Meta-analyses use standardized procedures, and syntheses results can be replicated. Narrative reviews are less systematic than meta-analyses, and they depend more on reviewer judgment, which makes the syntheses results difficult to replicate. Meta-analyses, however, tend to combine studies together into categories (e.g., all tutoring studies of elementary students) so that differences in study details (e.g., the nature of the tutoring) are obscured. Additionally, meta-analysis is useful only with quantitative research studies.
5. Do the conclusions have validity?
The validity of conclusions from a research synthesis depends on:
- A comprehensive and systematic literature search
- The consistent application of inclusion criteria that are backed by a rationale for their use
- A method of data analysis that is systematic and appropriate to the research question and the type of studies being synthesized
- Reviewer interpretation of the results
Cooper, H. (1998). Synthesizing research: A guide for literature reviews (3rd ed.). Thousand Oaks, CA: Sage Publications.

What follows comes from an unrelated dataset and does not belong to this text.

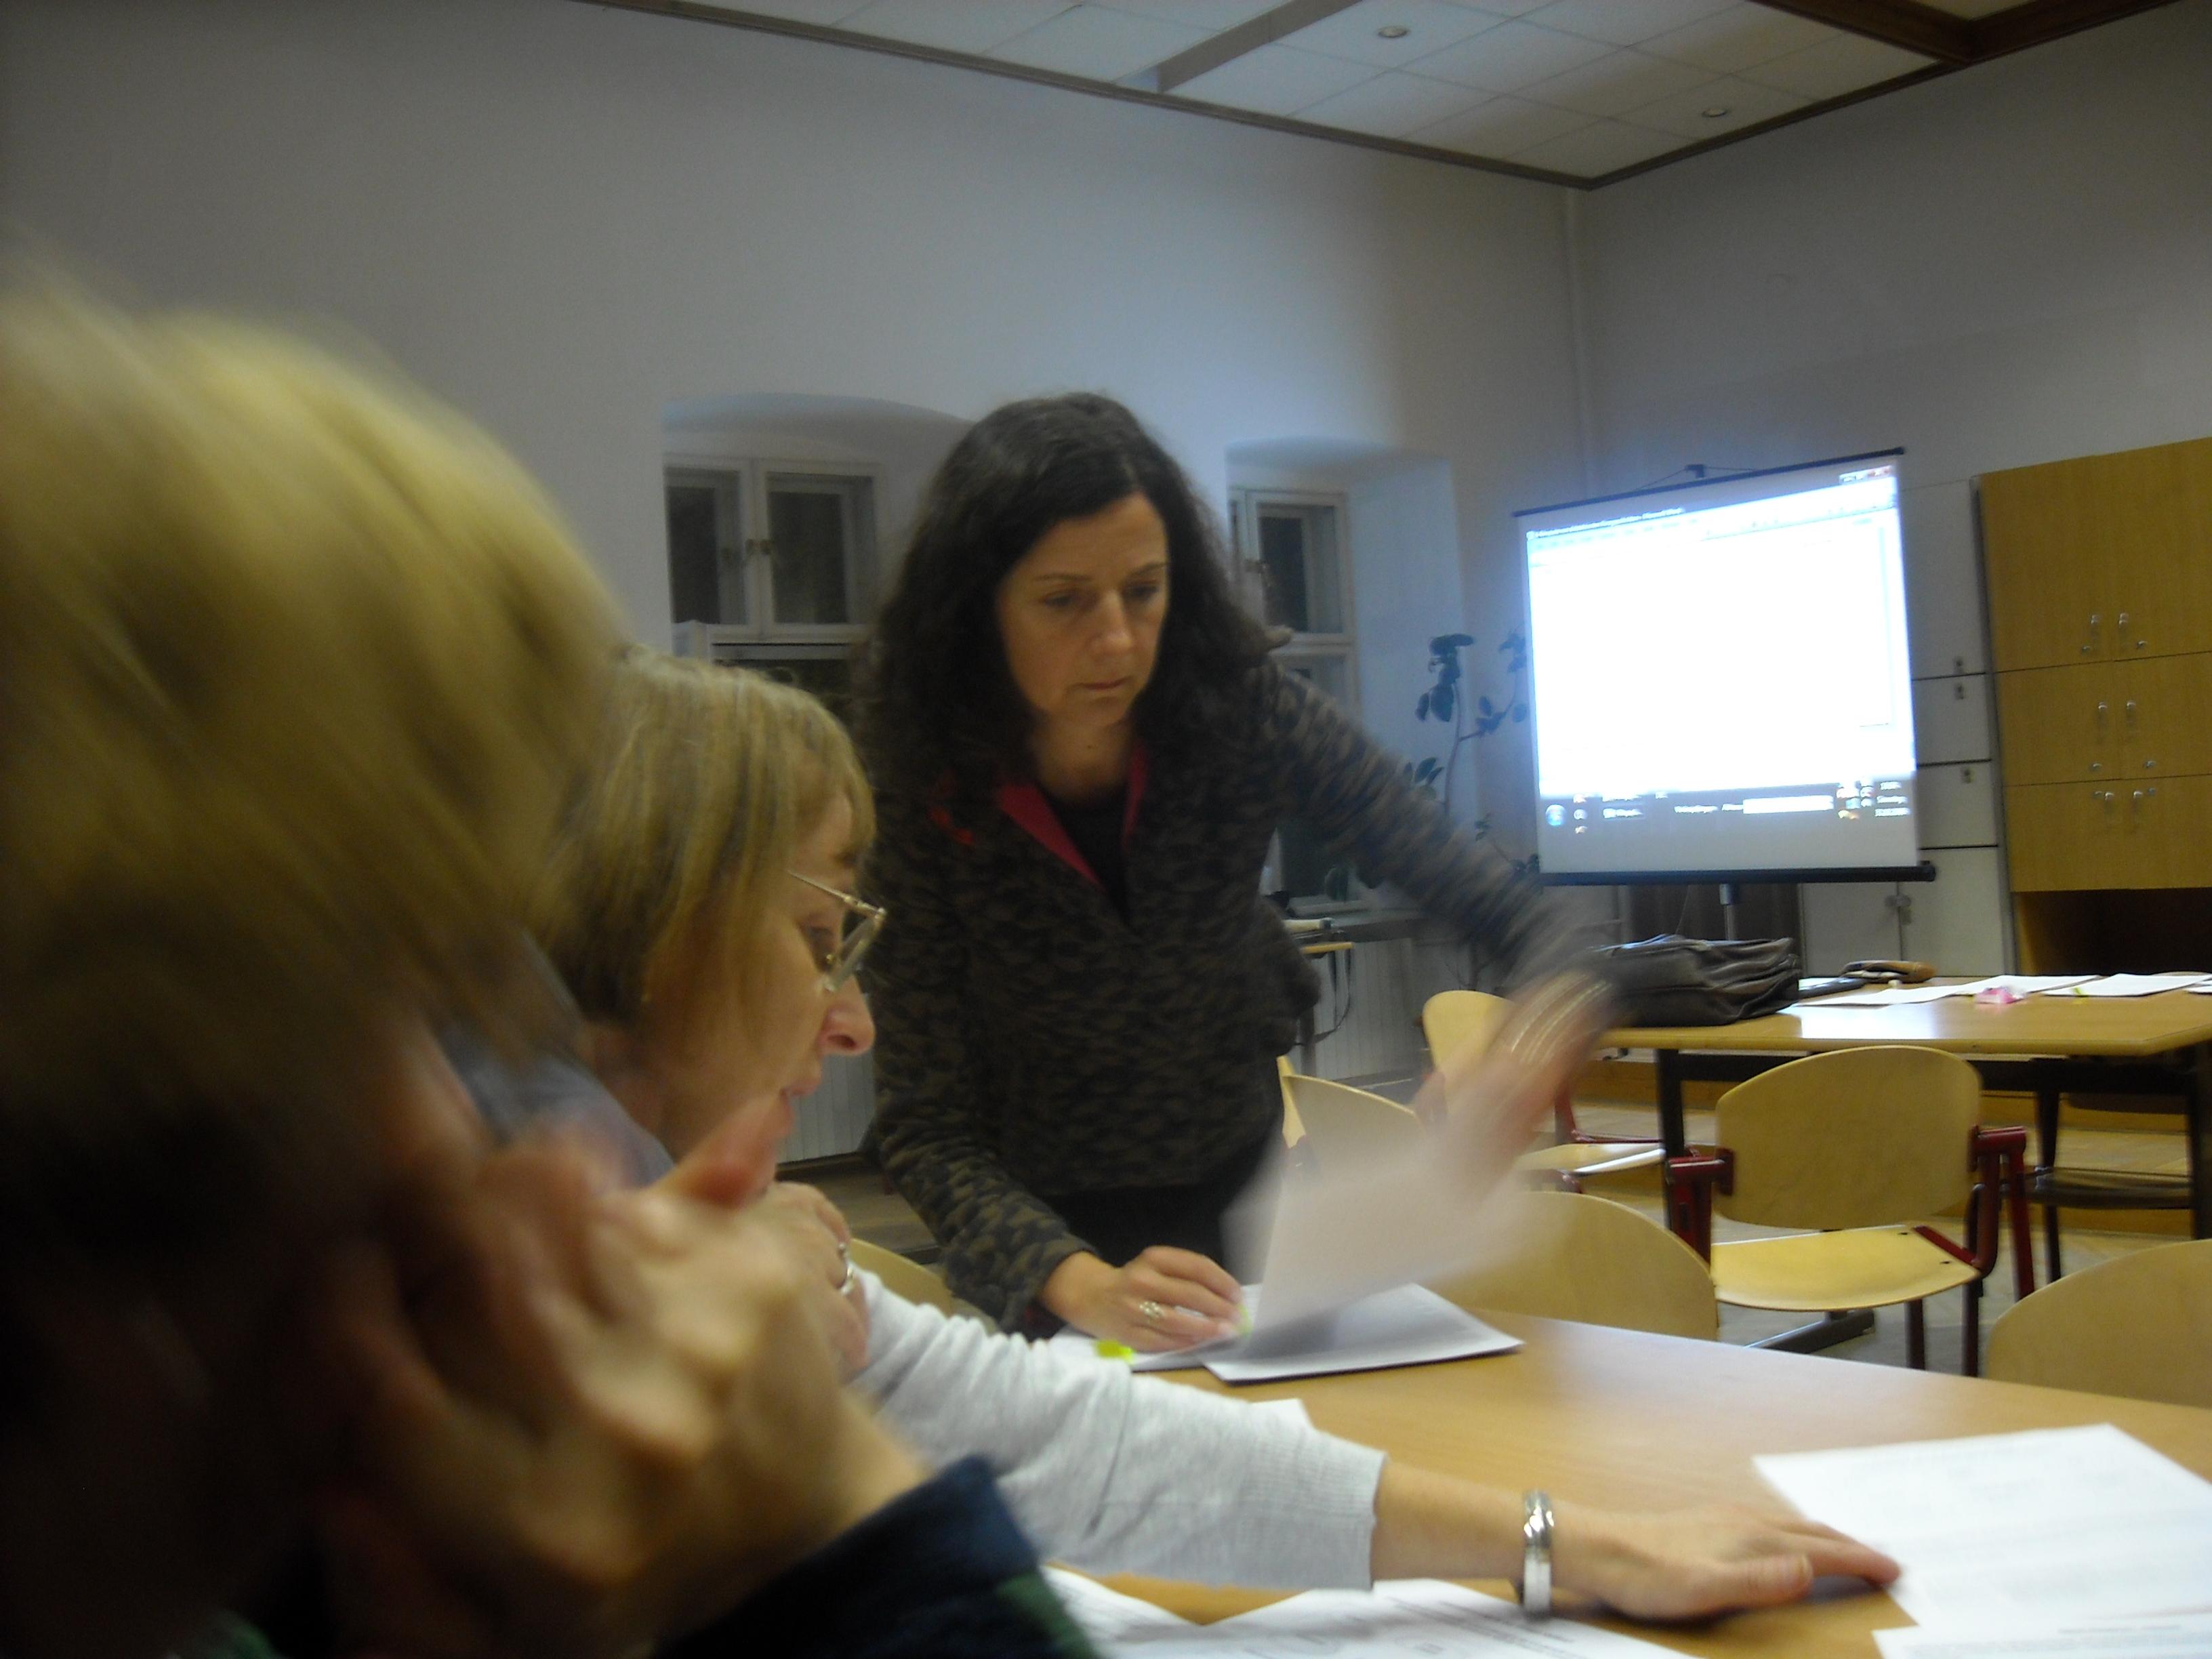 22.Arbeits sequenz, Dr. Gabriela Cordemans, Progr

Creswell, J.W. (2002). Research design: Qualitative, quantitative and mixed method approaches. Thousand Oaks, CA: Sage Publications.
Shadish, W.R., Cook, T.D., and Campbell, D.T. (2002). Experimental and quasi-experimental designs for causal inference. Boston: Houghton Mifflin.
Shanahan, T. (2000). "Research synthesis: Making sense of the accumulation of knowledge in reading." In M.L. Kamil, P.B. Mosenthal, P.D. Pearson, and R. Barr (Eds.), Handbook of reading research, volume III (pp. 209-226). Mahwah, NJ: Lawrence Erlbaum and Associates.